TI vision AI processors integrate a deep learning accelerator comprising a matrix multiplication accelerator (MMA) in an ASIC, bolted to a programmable C71 DSP. The MMA enables high-performance (4K 8-bit fixed multiply accumulates per cycle) and low-power tensor acceleration, while the C71 DSP accelerates vector and scalar operations and manages the MMA.
The combination of the MMA and C71 DSP yields an accelerator that achieves among the highest performance (inference per second) and power (inference per watt) in the industry. The programming flexibility of the C71 core enables you to keep up with edge AI innovations. And when not used for deep learning, the core can process other computationally intensive tasks while consuming low power.

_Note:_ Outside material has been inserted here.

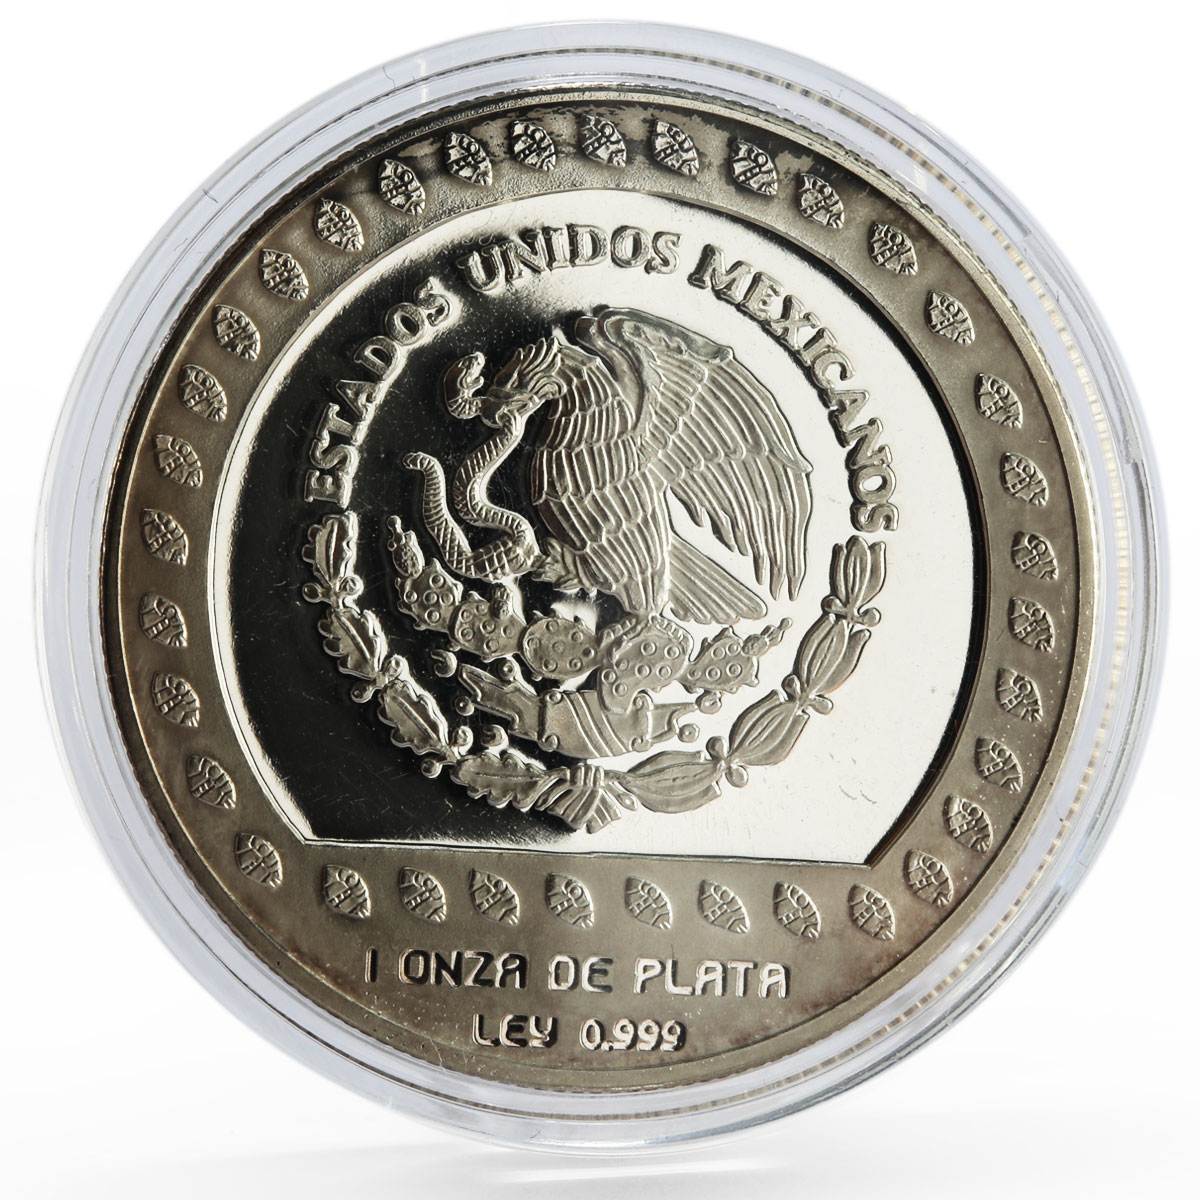 Mexico 100 pesos Guerrero Aguila proof silver coin 1992

The smart memory architecture makes high utilization of the accelerator possible. The accelerator comes with its own memory subsystem; a dedicated 4D-programmable direct memory access (DMA) engine for data transfer; and specialized streaming hardware that can bring data directly from external memory to the functional units of the C71 core and MMA, bypassing the cache. Tiling and supertiling features minimize data transfer to and from external memory.
Table 2 shows an 8-bit fixed inference performance on the AM68A and TDA4VM with an 8-TOPS-per-second accelerator. Reported performance is with batch size 1, and a single 32-bit LPDD4.
Network | Image Resolution | Frames Per Second (fps) |
---|---|---|
MobileNet_v1 | 224 × 224 | 741 |
Resnet-50 V1.5 | 224 × 224 | 162 |
SSD-MobileNets-V1 | 300 × 300 | 385 |
Disclaimer: TI has used the MLPerf recommended models and guidelines for edge AI interference benchmarking. TI has not yet submitted the results to the MLcommons organization.